A nanowire-based battery material that can be recharged hundreds of thousands of times has been developed by researchers at University of California, Irvine, edging us closer to a battery that would never require replacement. The breakthrough invention could lead to commercial batteries with vastly lengthened lifespans for smartphones, computers, cars and spacecraft.
The findings were published in the American Chemical Society’s Energy Letters.
Scientists have long attempted to use nanowires in batteries. Thousands of times thinner than a human hair, they’re highly conductive and feature a large surface area for the storage and transfer of electrons.
However, these filaments are highly fragile and don’t hold up well to repeated discharging and recharging, or cycling. In a typical lithium-ion battery, they expand and grow brittle, which leads to cracking.

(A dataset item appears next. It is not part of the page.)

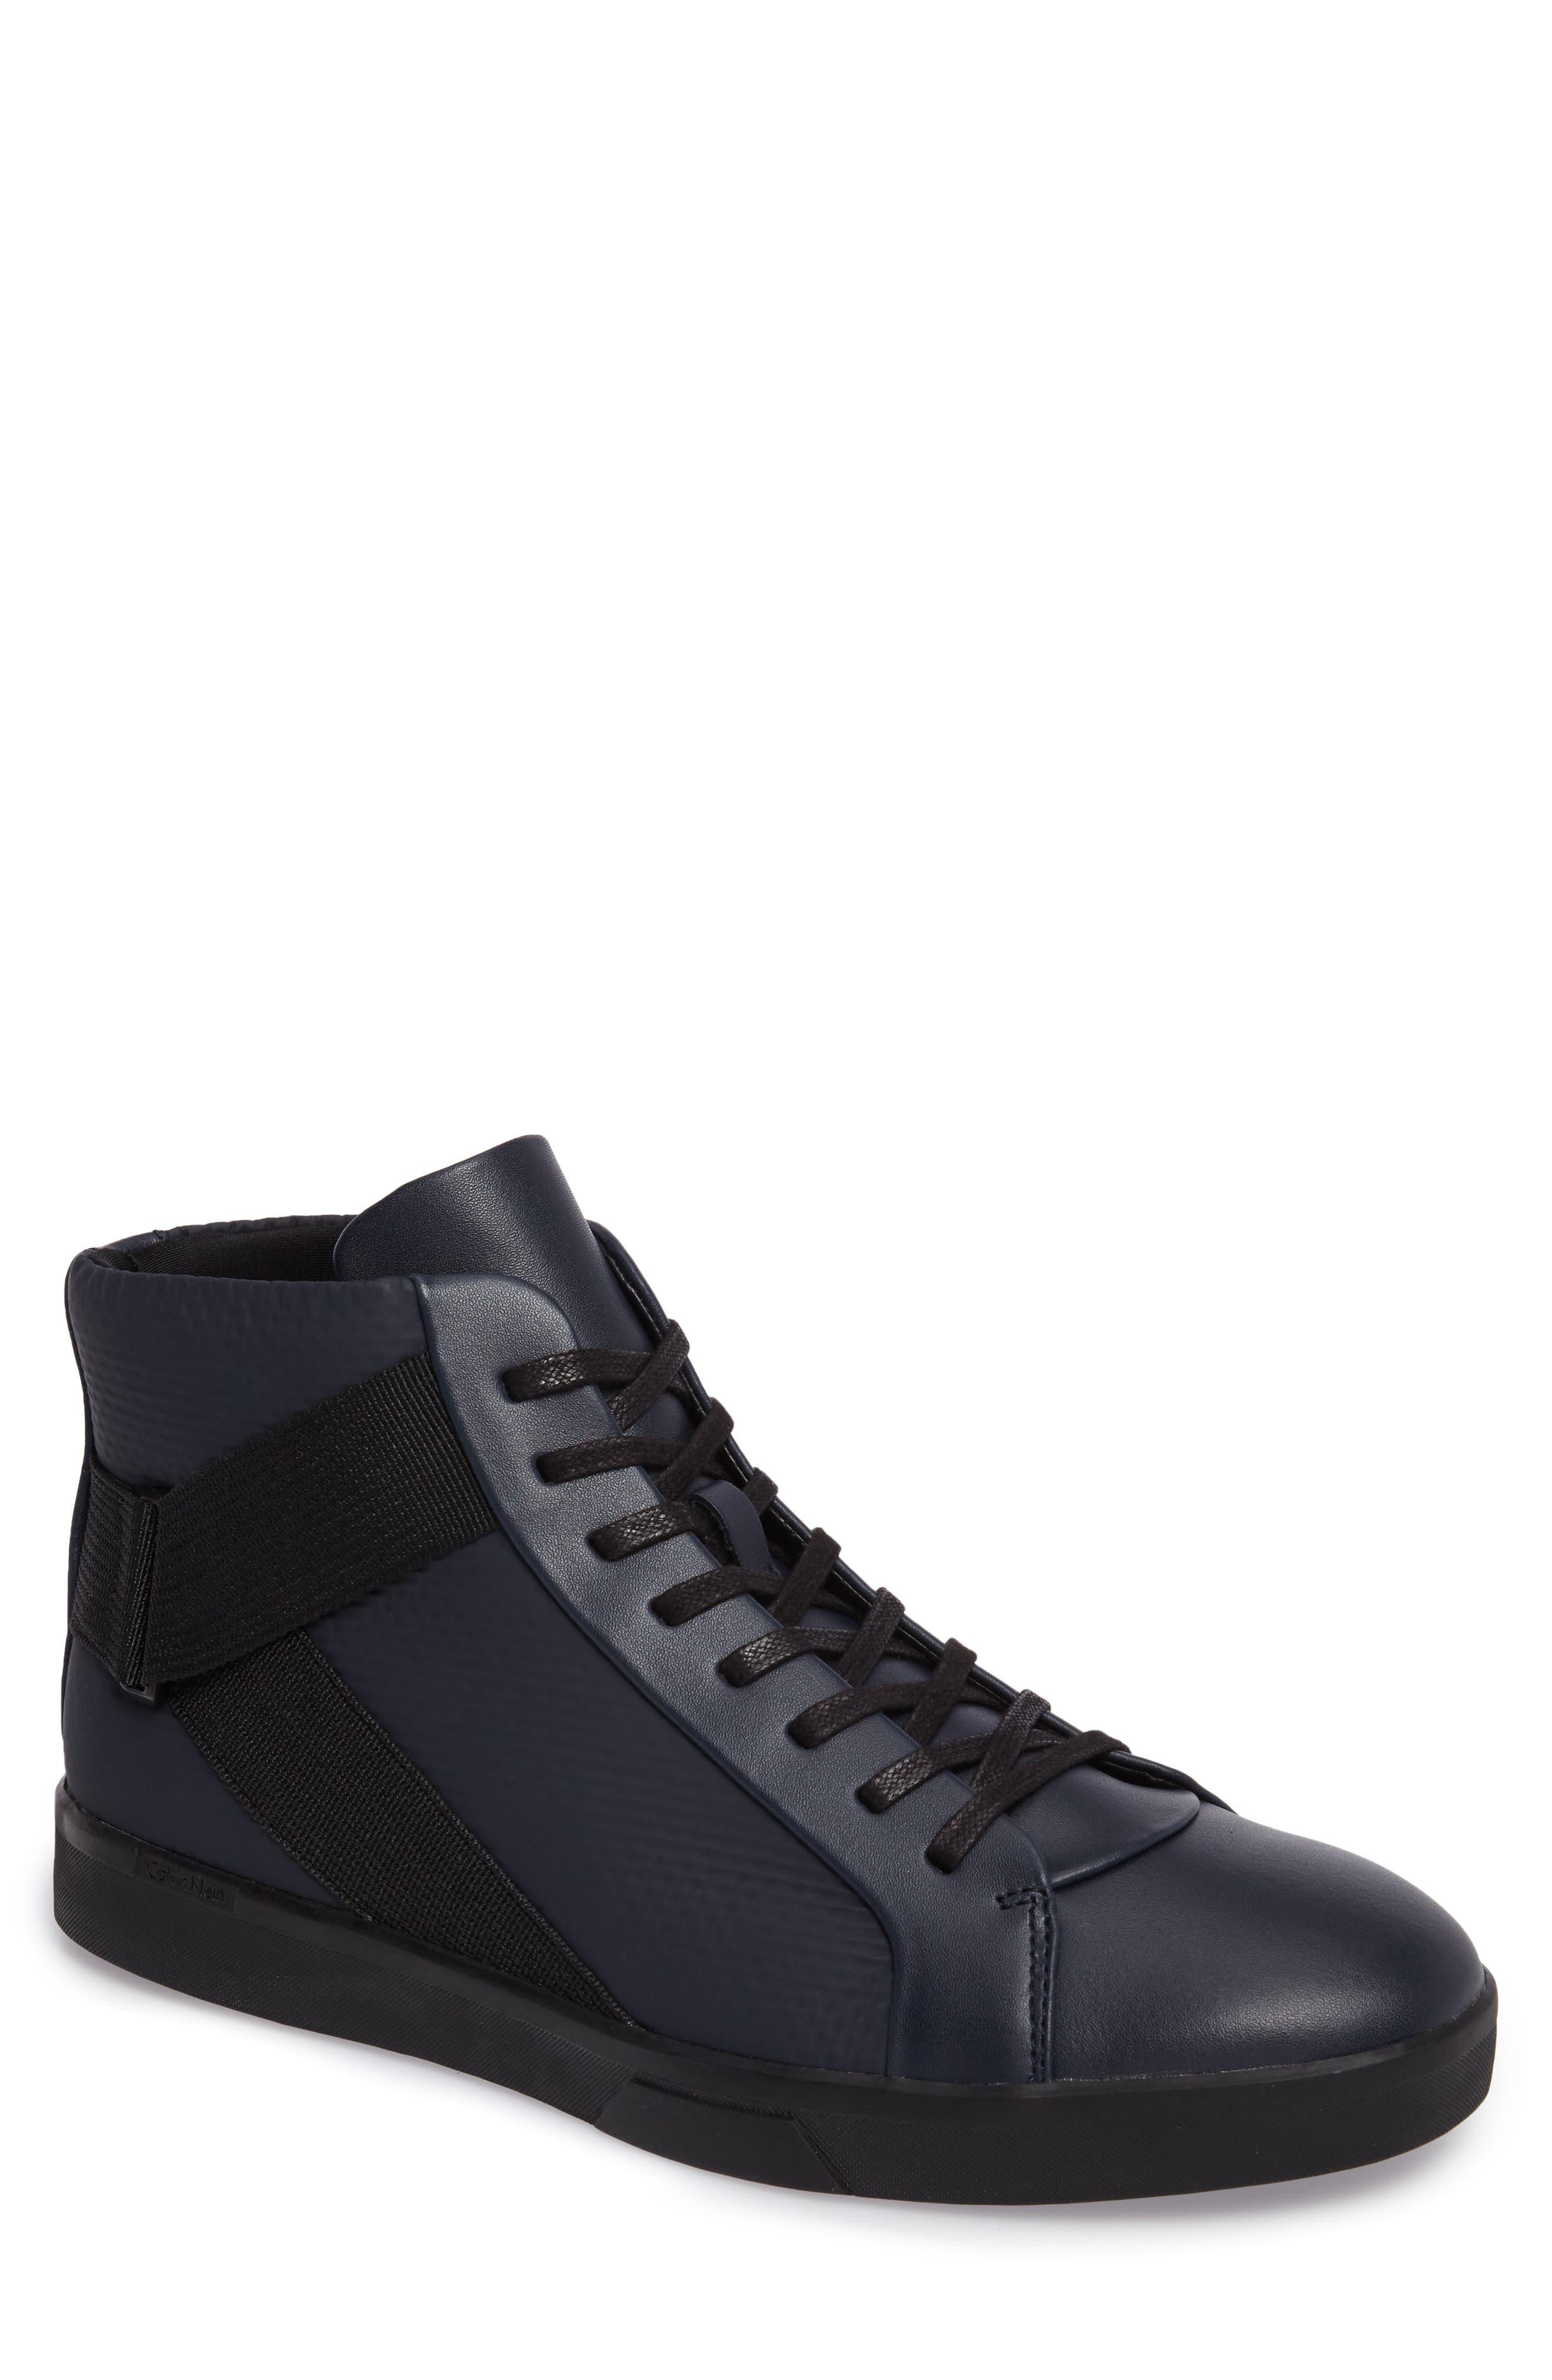 Alternate Image 1 Selected - Calvin Klein Irvin Sneaker (Men)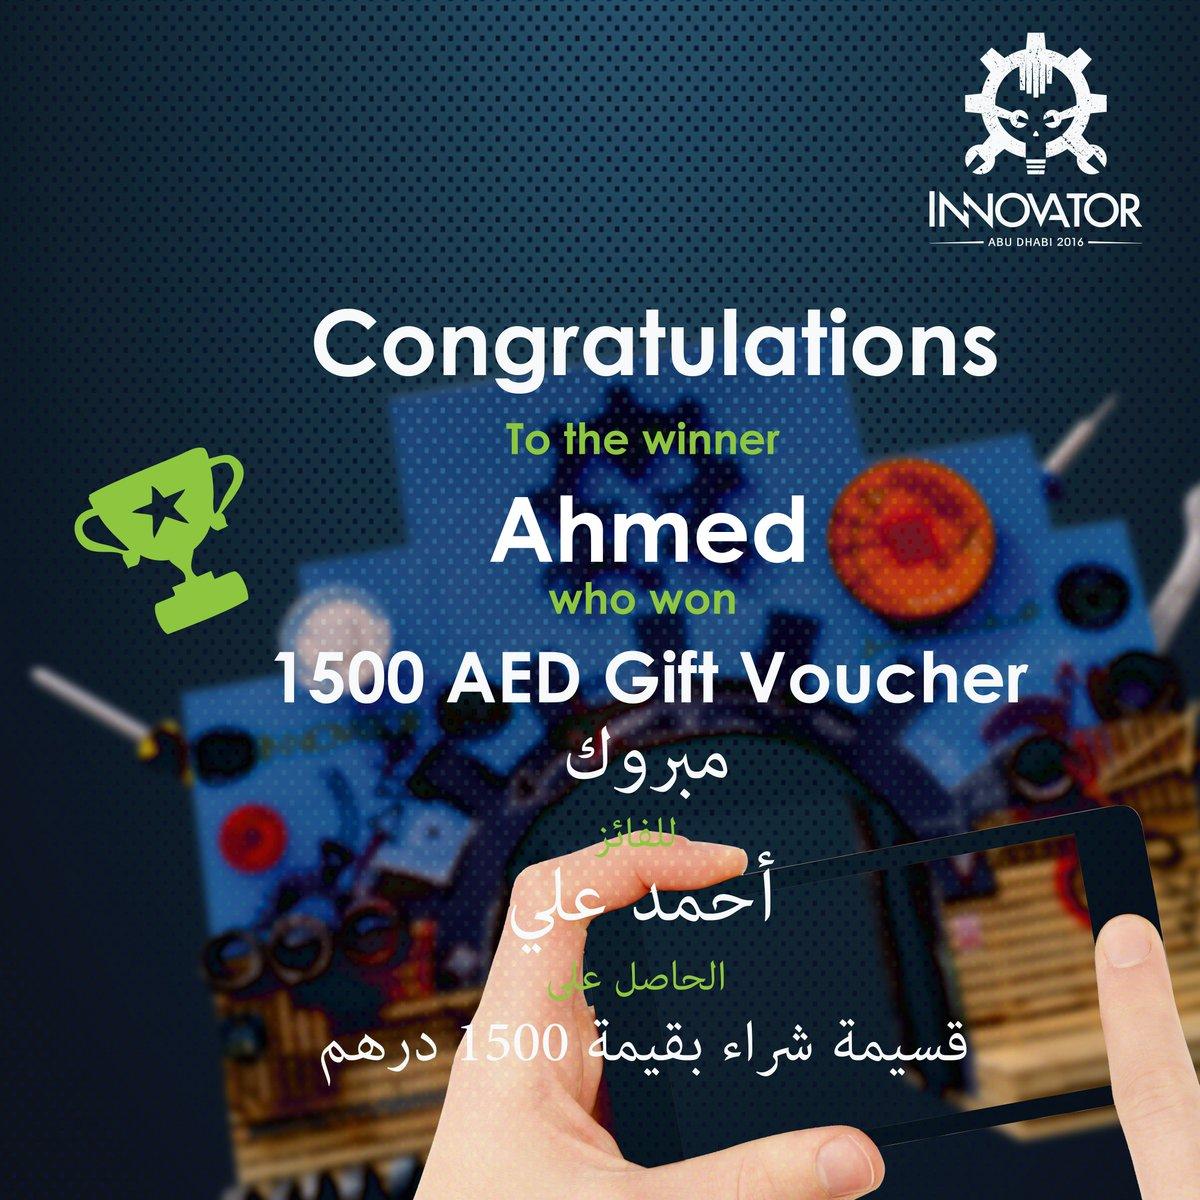 مبروك للفائز أحمد علي والذي شارك معنا في مسابقة الهاشتاغ حيث حصل على قسيمة شراء بقيمة 1500 درهم! https://t.co/ntDCnsKkI5

The researchers solved this problem by coating a gold nanowire in a manganese dioxide shell and encasing the assembly in an electrolyte made of a Plexiglas-like gel. The combination is reliable and resistant to failure.
Hard work combined with serendipity paid off in this case, according to senior author Reginald Penner.
Study leader, UCI doctoral candidate Mya Le Thai, was playing around, said Penner, and:
“She coated this whole thing with a very thin gel layer and started to cycle it. She discovered that just by using this gel, she could cycle it hundreds of thousands of times without losing any capacity.
That was crazy. because these things typically die in dramatic fashion after 5,000 or 6,000 or 7,000 cycles at most.”
Thai cycled the testing electrode up to 200,000 times over three months without detecting any loss of capacity or power and without fracturing any nanowires. The researchers believe the gel plasticizes the metal oxide in the battery and gives it flexibility, preventing cracking.